Data section:
········

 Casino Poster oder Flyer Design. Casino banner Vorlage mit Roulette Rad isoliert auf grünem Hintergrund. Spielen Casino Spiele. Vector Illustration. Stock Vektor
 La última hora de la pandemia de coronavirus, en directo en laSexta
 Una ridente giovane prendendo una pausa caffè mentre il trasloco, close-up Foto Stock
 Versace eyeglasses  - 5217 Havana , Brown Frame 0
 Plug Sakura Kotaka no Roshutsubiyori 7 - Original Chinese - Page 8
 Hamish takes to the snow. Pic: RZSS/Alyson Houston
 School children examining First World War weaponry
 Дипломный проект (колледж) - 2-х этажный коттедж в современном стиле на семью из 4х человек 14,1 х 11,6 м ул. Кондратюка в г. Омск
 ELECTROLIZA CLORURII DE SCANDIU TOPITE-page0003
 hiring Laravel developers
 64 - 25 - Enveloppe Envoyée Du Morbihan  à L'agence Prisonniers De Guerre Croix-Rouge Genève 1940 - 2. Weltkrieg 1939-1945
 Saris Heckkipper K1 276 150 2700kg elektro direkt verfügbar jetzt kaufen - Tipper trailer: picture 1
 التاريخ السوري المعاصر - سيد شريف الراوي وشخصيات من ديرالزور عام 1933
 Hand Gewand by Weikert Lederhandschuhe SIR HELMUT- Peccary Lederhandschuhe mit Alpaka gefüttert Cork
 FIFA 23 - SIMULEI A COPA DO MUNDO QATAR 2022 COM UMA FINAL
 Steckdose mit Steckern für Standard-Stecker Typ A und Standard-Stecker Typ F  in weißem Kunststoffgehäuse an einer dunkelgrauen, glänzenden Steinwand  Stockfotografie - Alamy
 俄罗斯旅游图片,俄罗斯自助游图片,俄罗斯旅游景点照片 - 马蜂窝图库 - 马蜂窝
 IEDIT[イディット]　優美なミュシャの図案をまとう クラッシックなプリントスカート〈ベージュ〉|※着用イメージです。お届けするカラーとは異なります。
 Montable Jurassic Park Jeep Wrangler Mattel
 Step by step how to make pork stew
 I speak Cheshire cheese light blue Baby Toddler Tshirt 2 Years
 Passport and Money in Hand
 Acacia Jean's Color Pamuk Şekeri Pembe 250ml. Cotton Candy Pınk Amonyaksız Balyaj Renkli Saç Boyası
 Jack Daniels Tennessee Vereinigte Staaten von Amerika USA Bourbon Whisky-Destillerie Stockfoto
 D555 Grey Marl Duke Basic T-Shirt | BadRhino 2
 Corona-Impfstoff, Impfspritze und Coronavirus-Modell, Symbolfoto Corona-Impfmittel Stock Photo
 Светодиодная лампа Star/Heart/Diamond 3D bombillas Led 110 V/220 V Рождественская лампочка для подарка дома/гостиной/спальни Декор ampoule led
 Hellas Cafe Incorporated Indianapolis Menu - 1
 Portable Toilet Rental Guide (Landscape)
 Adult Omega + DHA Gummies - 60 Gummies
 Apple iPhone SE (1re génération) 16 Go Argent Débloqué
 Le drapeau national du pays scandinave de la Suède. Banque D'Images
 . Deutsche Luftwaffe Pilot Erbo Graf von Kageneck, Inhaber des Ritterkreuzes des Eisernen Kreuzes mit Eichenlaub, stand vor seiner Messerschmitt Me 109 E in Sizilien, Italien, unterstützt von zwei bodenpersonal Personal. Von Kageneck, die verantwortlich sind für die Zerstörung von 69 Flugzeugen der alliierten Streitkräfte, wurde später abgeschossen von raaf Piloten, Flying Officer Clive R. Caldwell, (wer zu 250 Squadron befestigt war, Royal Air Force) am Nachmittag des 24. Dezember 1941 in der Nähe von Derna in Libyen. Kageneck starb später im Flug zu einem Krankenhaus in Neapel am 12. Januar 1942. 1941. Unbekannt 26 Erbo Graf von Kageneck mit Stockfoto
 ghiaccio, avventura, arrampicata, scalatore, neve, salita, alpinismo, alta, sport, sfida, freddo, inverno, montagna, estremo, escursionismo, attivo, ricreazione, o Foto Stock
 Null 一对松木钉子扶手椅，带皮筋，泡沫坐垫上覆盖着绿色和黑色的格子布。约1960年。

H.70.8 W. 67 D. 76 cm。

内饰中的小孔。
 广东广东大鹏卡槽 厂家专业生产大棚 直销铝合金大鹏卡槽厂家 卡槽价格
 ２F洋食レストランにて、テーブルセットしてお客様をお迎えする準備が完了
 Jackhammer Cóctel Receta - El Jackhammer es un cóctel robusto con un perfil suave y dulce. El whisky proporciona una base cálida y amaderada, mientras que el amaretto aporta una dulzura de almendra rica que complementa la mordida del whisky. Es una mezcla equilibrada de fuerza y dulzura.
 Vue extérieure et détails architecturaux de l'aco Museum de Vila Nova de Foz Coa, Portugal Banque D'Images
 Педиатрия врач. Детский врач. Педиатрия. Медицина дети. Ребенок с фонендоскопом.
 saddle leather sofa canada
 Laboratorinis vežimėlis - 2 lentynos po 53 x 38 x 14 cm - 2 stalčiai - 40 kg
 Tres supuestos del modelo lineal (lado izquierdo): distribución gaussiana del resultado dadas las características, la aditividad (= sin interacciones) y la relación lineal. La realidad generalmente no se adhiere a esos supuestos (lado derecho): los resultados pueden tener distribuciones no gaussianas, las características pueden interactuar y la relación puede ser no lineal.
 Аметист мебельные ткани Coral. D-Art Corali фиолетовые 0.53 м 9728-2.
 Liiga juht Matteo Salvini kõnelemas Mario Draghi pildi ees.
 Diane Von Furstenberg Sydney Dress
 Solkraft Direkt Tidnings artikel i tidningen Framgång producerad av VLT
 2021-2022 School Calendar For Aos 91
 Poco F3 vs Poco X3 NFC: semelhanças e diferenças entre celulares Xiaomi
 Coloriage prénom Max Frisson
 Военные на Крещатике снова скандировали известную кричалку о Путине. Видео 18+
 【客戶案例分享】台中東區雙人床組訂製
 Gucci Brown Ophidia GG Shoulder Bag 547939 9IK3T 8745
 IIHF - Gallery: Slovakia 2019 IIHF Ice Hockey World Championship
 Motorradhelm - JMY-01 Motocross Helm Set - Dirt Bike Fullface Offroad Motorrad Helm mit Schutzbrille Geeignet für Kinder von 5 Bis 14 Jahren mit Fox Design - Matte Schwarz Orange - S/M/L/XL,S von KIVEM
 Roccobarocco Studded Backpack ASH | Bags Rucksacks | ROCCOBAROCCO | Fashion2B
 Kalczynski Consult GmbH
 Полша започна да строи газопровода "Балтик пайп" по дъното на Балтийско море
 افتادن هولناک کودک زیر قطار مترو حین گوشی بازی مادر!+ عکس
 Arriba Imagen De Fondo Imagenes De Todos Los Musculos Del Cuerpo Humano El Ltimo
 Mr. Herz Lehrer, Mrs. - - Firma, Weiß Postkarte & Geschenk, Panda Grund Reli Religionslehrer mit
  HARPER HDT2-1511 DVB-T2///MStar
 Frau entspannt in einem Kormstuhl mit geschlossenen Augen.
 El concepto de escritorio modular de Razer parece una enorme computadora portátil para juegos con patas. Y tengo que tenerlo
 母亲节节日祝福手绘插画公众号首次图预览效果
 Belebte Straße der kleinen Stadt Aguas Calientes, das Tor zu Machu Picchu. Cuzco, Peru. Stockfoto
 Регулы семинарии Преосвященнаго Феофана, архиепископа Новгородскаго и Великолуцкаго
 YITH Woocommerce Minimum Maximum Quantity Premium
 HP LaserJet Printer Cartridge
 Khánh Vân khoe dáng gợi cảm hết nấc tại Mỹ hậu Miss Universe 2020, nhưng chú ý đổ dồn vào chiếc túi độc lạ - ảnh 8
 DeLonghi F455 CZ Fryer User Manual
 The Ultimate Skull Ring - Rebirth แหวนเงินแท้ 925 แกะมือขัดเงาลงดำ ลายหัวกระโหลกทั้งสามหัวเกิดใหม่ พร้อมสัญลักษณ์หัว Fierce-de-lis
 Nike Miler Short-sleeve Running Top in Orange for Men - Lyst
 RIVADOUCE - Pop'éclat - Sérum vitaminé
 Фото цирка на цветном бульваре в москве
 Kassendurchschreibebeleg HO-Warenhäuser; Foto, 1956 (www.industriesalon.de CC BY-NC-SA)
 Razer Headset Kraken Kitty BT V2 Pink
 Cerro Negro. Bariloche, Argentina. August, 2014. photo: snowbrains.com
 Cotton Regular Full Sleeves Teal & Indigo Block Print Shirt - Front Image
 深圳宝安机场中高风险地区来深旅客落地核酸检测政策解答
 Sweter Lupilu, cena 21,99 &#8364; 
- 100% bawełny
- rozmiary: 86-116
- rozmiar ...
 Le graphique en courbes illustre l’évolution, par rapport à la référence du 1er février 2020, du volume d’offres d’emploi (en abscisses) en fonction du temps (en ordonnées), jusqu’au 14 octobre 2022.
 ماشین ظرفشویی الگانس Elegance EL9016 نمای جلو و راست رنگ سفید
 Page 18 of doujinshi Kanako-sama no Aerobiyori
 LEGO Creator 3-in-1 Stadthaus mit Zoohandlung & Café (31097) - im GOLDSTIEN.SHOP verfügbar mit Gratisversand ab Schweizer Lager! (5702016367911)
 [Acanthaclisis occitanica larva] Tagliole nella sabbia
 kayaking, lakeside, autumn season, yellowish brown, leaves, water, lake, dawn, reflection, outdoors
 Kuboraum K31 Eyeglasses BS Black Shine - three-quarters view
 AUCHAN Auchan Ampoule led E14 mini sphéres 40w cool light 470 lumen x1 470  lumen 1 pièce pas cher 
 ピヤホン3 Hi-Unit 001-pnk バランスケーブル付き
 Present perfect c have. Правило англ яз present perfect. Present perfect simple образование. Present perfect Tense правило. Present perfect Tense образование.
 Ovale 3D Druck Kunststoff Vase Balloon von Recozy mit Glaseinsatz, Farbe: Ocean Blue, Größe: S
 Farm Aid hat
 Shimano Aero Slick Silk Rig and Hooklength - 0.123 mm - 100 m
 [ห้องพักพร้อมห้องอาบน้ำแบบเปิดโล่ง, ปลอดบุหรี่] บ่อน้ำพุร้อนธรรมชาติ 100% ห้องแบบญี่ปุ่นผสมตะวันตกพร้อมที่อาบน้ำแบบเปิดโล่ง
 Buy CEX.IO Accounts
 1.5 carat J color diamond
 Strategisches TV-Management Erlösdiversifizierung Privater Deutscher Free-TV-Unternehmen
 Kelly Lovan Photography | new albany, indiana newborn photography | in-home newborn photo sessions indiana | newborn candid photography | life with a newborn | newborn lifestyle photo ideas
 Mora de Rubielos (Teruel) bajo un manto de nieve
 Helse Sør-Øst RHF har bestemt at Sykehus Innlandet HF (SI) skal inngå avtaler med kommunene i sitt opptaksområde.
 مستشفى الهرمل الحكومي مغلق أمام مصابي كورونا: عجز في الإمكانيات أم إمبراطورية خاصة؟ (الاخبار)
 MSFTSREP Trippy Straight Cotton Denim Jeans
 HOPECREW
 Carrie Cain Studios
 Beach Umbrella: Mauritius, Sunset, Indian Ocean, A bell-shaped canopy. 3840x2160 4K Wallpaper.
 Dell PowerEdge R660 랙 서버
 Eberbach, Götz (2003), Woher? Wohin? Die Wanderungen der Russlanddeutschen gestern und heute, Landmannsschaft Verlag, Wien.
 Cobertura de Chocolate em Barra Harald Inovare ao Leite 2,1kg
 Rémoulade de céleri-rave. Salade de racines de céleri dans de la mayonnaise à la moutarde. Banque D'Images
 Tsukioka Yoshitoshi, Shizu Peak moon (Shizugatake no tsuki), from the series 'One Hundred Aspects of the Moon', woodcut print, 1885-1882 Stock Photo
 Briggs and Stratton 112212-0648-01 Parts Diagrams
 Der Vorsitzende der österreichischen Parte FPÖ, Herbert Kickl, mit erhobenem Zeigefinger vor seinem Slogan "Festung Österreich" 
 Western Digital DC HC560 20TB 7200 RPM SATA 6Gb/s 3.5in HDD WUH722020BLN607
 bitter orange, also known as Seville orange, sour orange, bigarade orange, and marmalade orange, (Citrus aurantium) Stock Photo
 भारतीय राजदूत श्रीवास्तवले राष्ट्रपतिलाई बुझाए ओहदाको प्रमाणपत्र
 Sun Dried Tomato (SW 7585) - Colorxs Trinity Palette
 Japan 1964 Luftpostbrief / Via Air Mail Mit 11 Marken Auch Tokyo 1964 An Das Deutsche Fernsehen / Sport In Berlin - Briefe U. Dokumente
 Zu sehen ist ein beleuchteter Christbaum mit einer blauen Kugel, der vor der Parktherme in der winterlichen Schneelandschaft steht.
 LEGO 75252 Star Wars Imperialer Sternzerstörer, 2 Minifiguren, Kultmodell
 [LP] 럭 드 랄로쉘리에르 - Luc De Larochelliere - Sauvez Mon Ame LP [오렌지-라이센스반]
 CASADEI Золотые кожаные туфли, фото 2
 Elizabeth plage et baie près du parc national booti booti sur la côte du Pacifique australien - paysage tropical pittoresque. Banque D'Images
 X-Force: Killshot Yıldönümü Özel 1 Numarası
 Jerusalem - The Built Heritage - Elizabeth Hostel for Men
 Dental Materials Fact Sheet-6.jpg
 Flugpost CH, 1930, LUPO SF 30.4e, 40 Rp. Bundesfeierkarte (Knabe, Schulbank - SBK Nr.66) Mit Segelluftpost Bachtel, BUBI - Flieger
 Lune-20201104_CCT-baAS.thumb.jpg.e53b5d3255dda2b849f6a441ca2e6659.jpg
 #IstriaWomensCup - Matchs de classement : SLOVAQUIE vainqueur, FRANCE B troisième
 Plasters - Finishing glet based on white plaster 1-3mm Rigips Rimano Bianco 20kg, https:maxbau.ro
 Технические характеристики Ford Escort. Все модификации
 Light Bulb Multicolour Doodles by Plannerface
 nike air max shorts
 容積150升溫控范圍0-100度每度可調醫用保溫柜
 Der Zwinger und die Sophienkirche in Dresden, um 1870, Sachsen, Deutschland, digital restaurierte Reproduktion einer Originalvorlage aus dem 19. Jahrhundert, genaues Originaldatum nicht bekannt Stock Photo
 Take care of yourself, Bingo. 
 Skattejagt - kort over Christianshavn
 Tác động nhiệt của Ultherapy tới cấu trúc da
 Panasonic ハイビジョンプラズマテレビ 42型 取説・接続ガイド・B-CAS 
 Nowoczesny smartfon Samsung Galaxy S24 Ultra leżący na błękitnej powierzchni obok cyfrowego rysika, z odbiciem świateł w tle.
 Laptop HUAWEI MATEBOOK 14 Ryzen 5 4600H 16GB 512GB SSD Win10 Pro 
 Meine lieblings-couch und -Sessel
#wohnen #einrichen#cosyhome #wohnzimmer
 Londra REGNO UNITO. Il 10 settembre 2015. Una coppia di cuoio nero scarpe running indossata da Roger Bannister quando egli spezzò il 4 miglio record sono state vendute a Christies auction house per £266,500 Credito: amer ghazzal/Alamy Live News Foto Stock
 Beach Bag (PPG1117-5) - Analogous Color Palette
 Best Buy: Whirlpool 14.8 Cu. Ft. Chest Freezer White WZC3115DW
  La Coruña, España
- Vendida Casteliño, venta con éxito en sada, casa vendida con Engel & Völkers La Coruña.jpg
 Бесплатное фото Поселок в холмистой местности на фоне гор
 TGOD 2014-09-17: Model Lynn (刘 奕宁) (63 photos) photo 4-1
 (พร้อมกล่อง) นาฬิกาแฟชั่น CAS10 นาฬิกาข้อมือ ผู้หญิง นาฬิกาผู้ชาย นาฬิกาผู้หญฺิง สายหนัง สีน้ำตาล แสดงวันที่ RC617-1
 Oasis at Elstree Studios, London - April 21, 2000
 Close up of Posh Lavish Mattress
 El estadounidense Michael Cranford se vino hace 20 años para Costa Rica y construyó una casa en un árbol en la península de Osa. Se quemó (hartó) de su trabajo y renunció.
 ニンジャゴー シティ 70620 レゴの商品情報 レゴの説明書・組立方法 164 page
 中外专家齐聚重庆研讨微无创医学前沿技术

········

About this exercise:
In the data above, which lines have "World"? Report each of them.

Response:
 School children examining First World War weaponry
 IIHF - Gallery: Slovakia 2019 IIHF Ice Hockey World Championship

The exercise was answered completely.